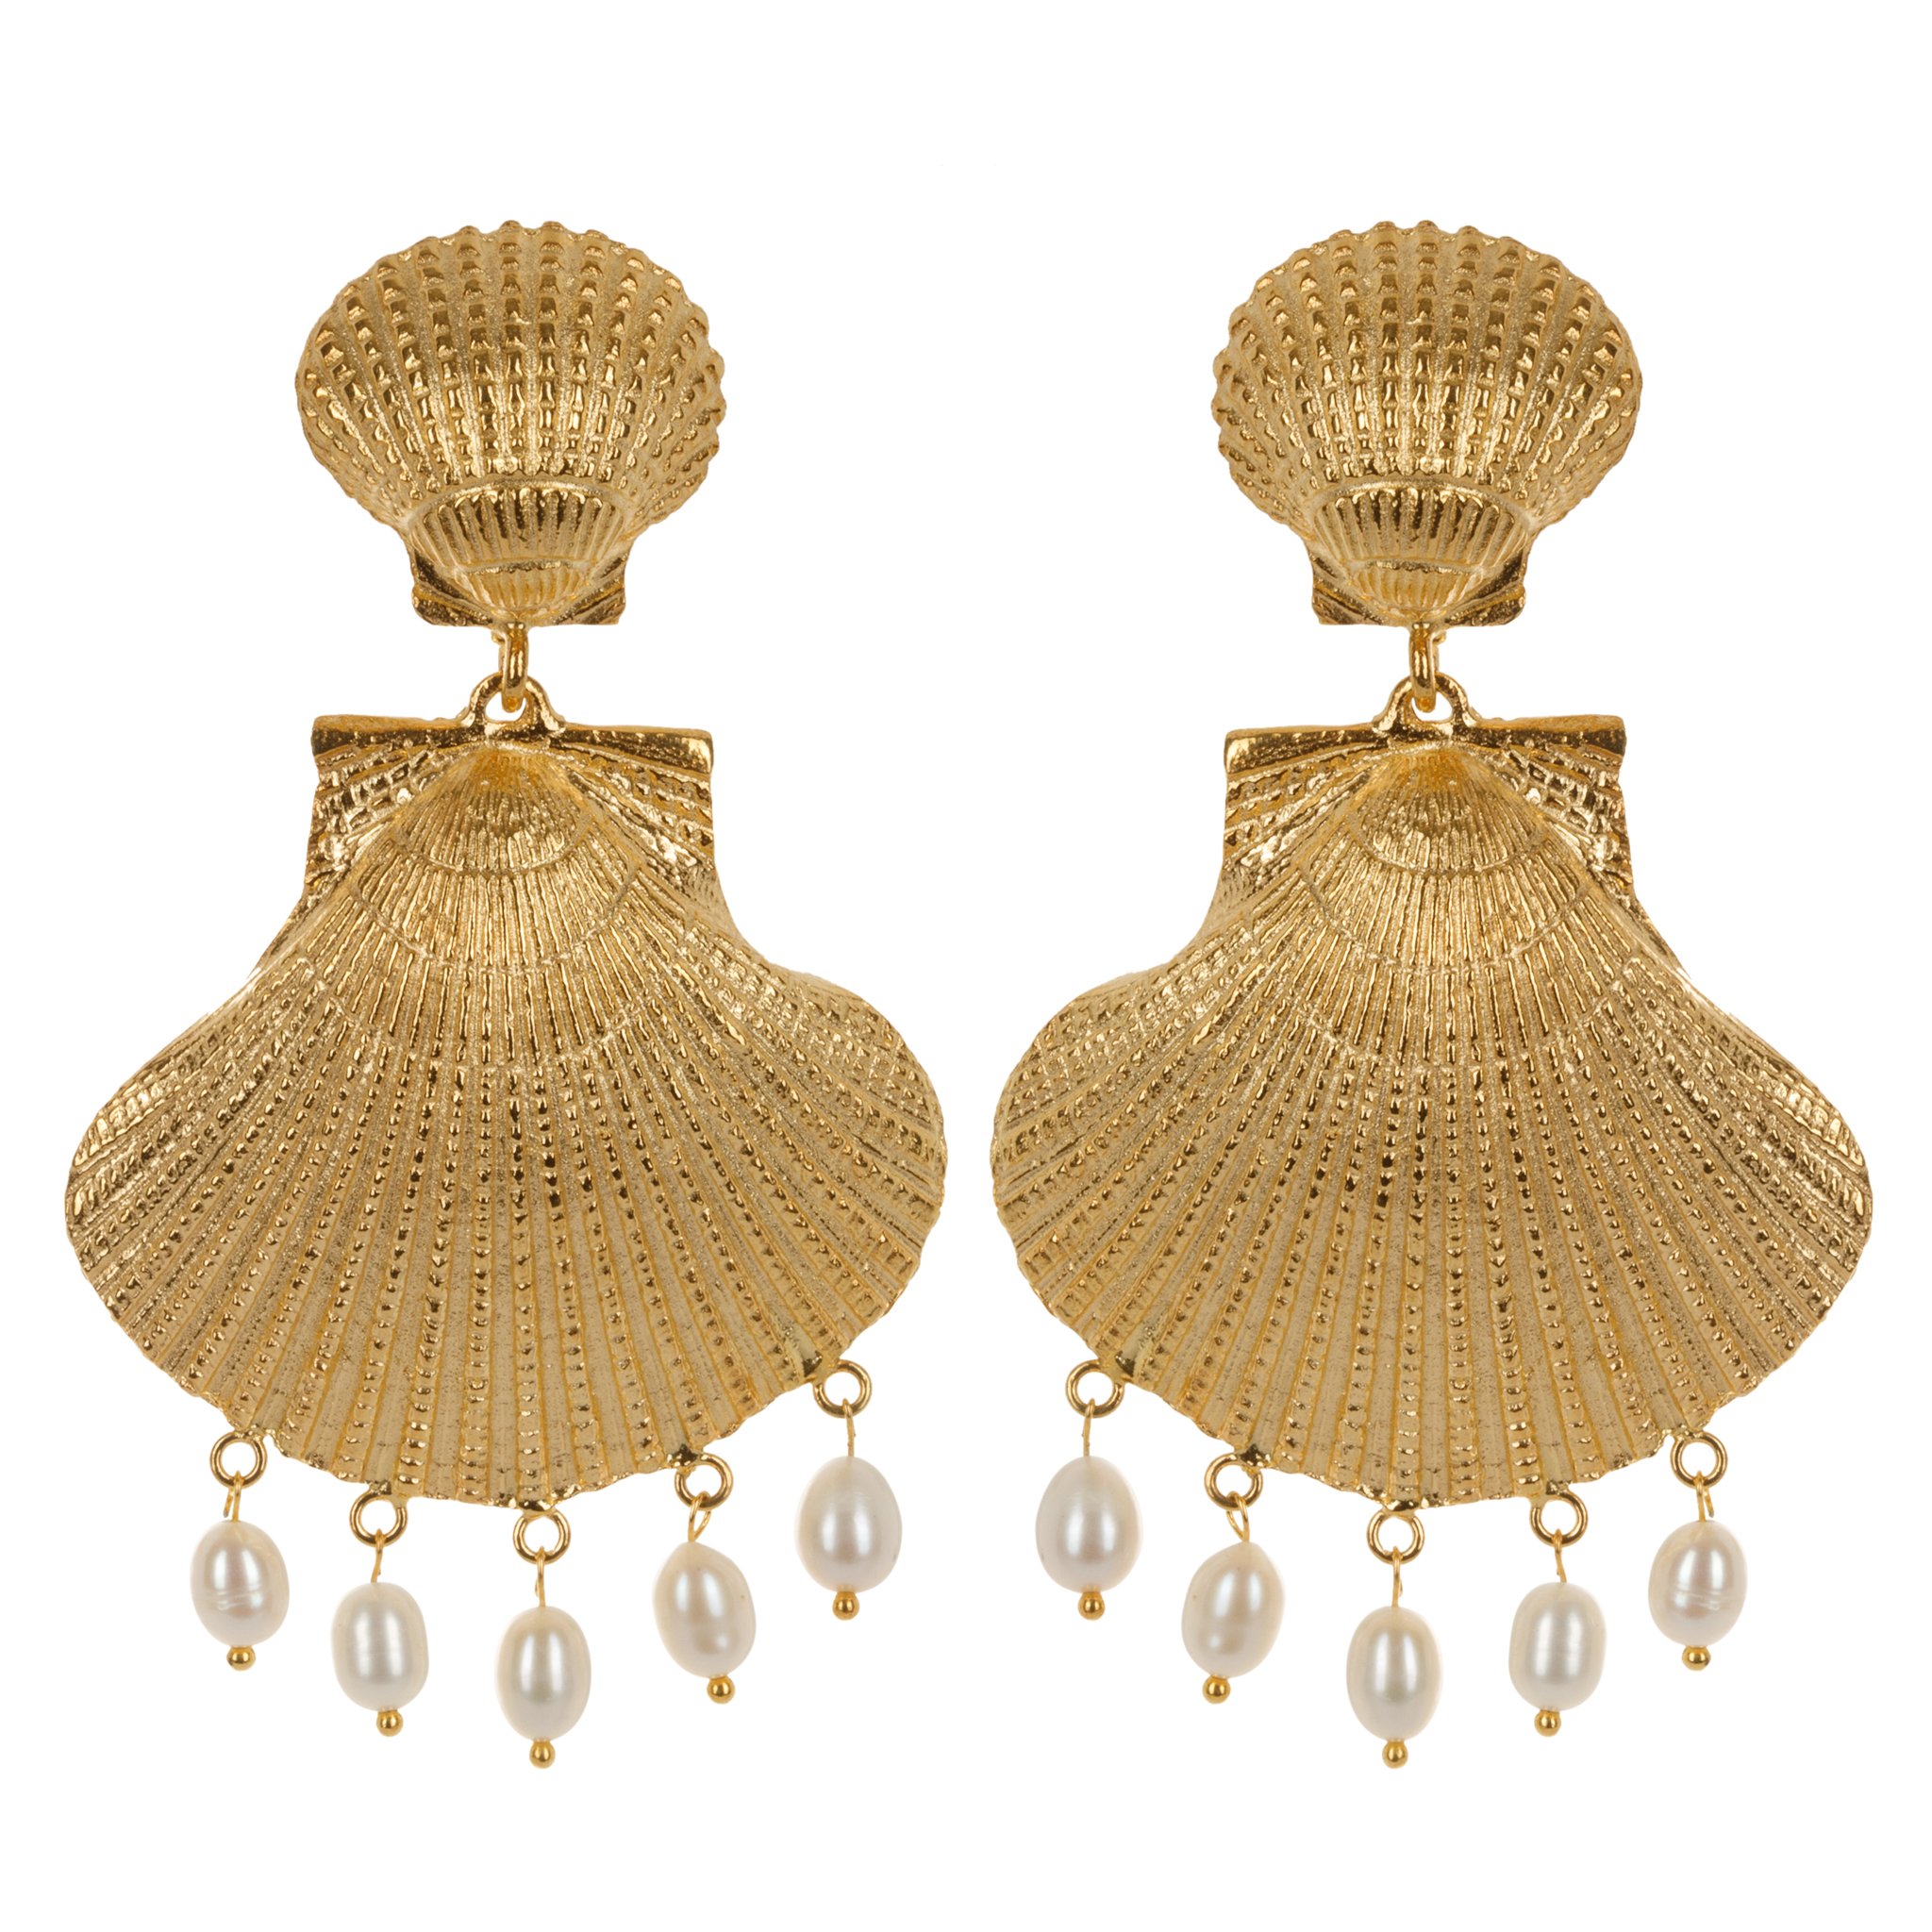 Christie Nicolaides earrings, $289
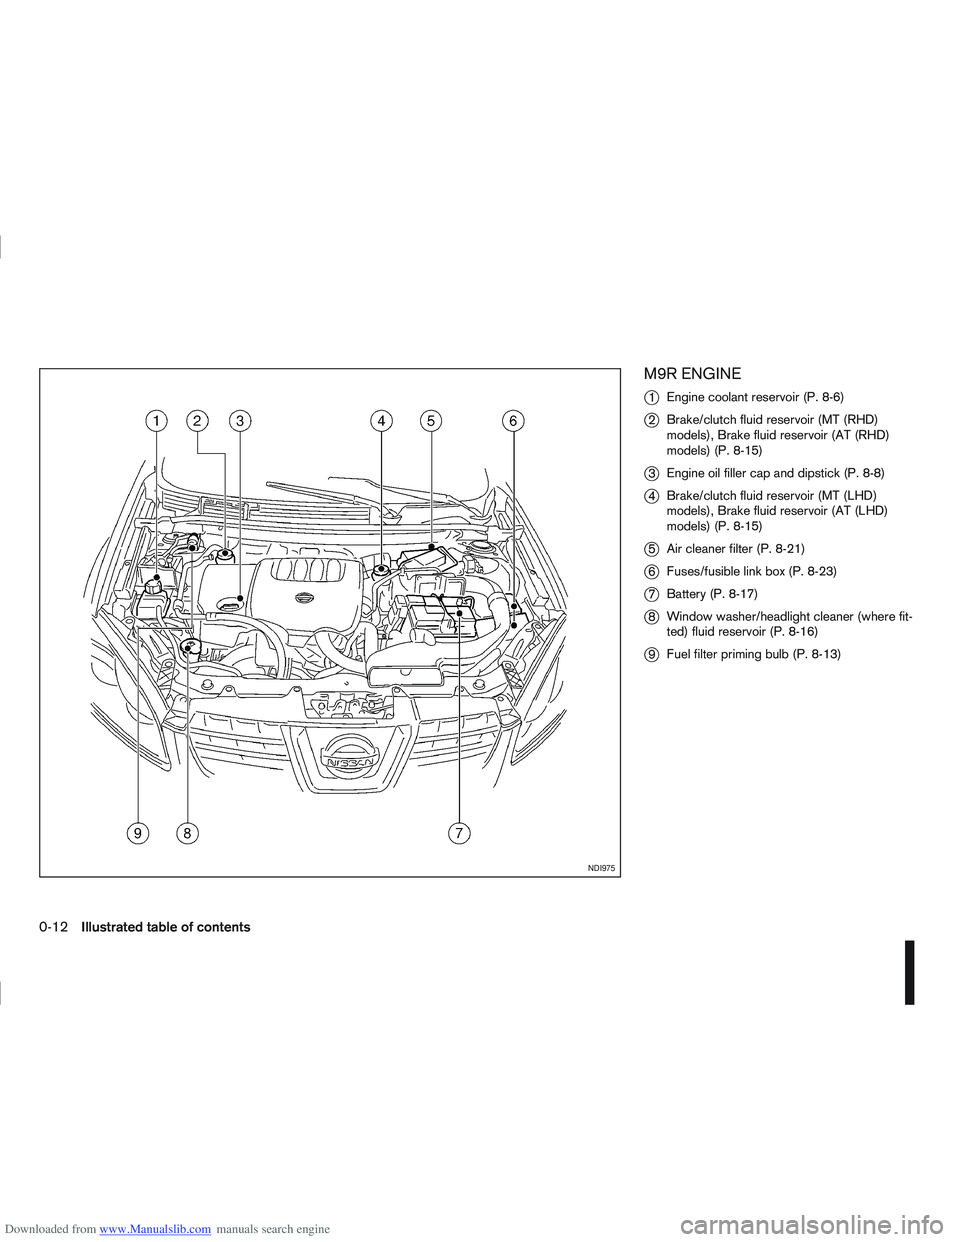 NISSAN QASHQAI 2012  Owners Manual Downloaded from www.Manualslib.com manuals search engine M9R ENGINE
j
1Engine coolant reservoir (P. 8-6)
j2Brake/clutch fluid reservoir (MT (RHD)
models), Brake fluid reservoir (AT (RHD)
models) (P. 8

- Activity -
Going line by line through the data, tally each one that includes the string "fluid", and answer with the tally only.

- Solution -
2